Big Bank subsidiaries that keep financial data on servers in a national territory must be allowed to move financial information, data and data processing equipment whenever they wish to (Article X.11, as proposed by Panama, a tax haven, and the European Union in the leaked draft annex). For example, if a foreign regulator were attempting to use the cross border data standardization and aggregation mechanism proposed by the FSB for data surveillance or an enforcement investigation, nothing under TISA would prevent global financial institutions from moving that financial information or data out of a territory whenever and to wherever they wished to.
In sum, the FSB government regulators and other financial regulators in the G-20 process need to thoroughly understand what their trade negotiators are proposing in TISA financial services before the reforms to prevent another global financial crisis are sidelined or undermined.
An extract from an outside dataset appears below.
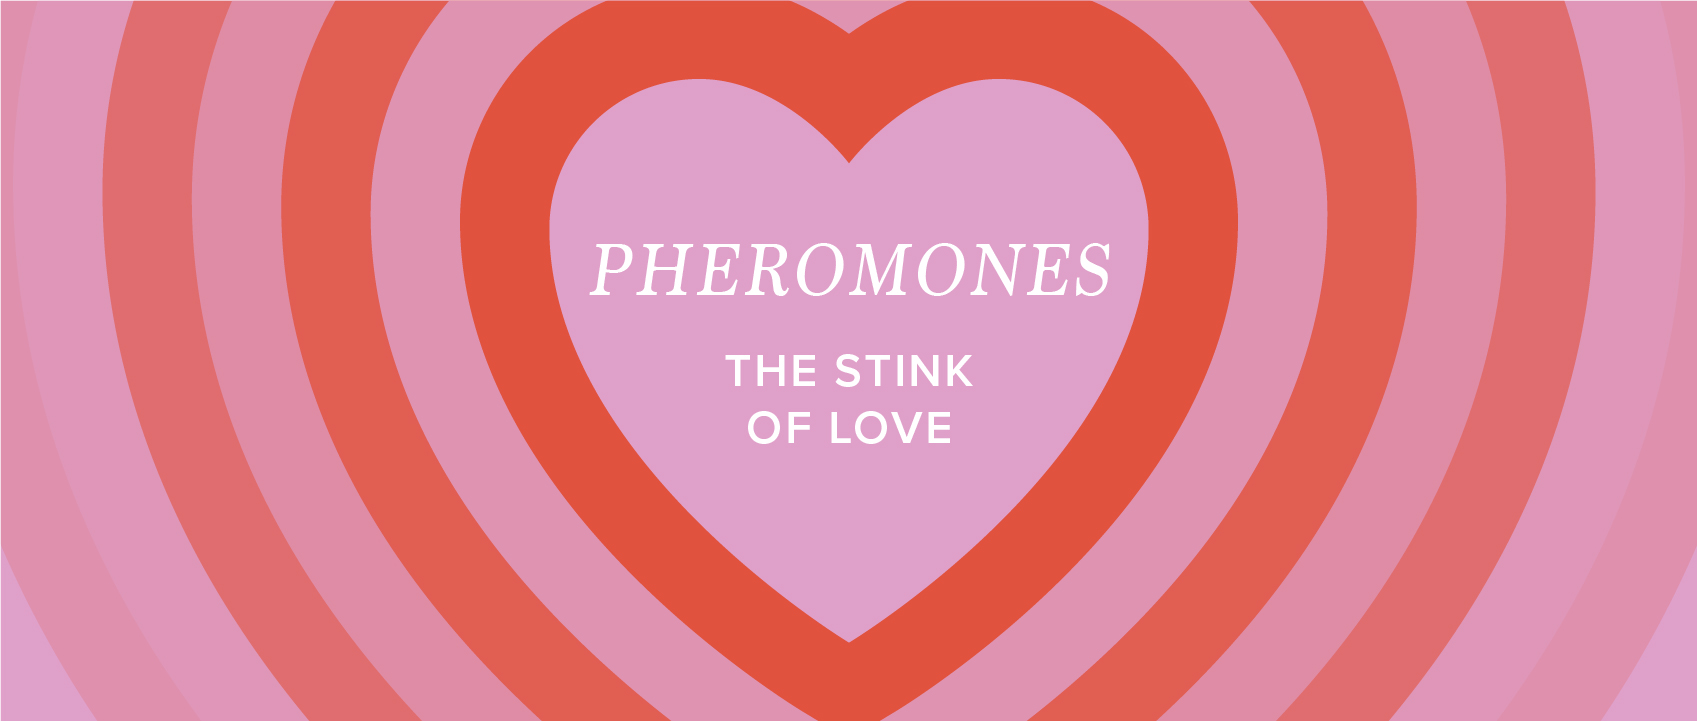 title pheromones, the stink of love in pink and red hearts

The TISA negotiators will claim that the draft text will protect the right for governments to regulate, but who knows how or if such a provision would work, given all the contradictory language in the draft text and the TISA negotiators’ decision to suppress the preparatory papers that traditionally enable interpretation of international treaties.
Unlike the negotiators of TISA, we don’t have the luxury of pretending that the financial collapse never happened and the big banks need more, not less, regulation. Financial regulators must find out what the trade negotiators are doing in secret so that TISA financial services doesn’t pre-empt or put a straitjacket on the reforms that the regulators have worked so hard on since 2009.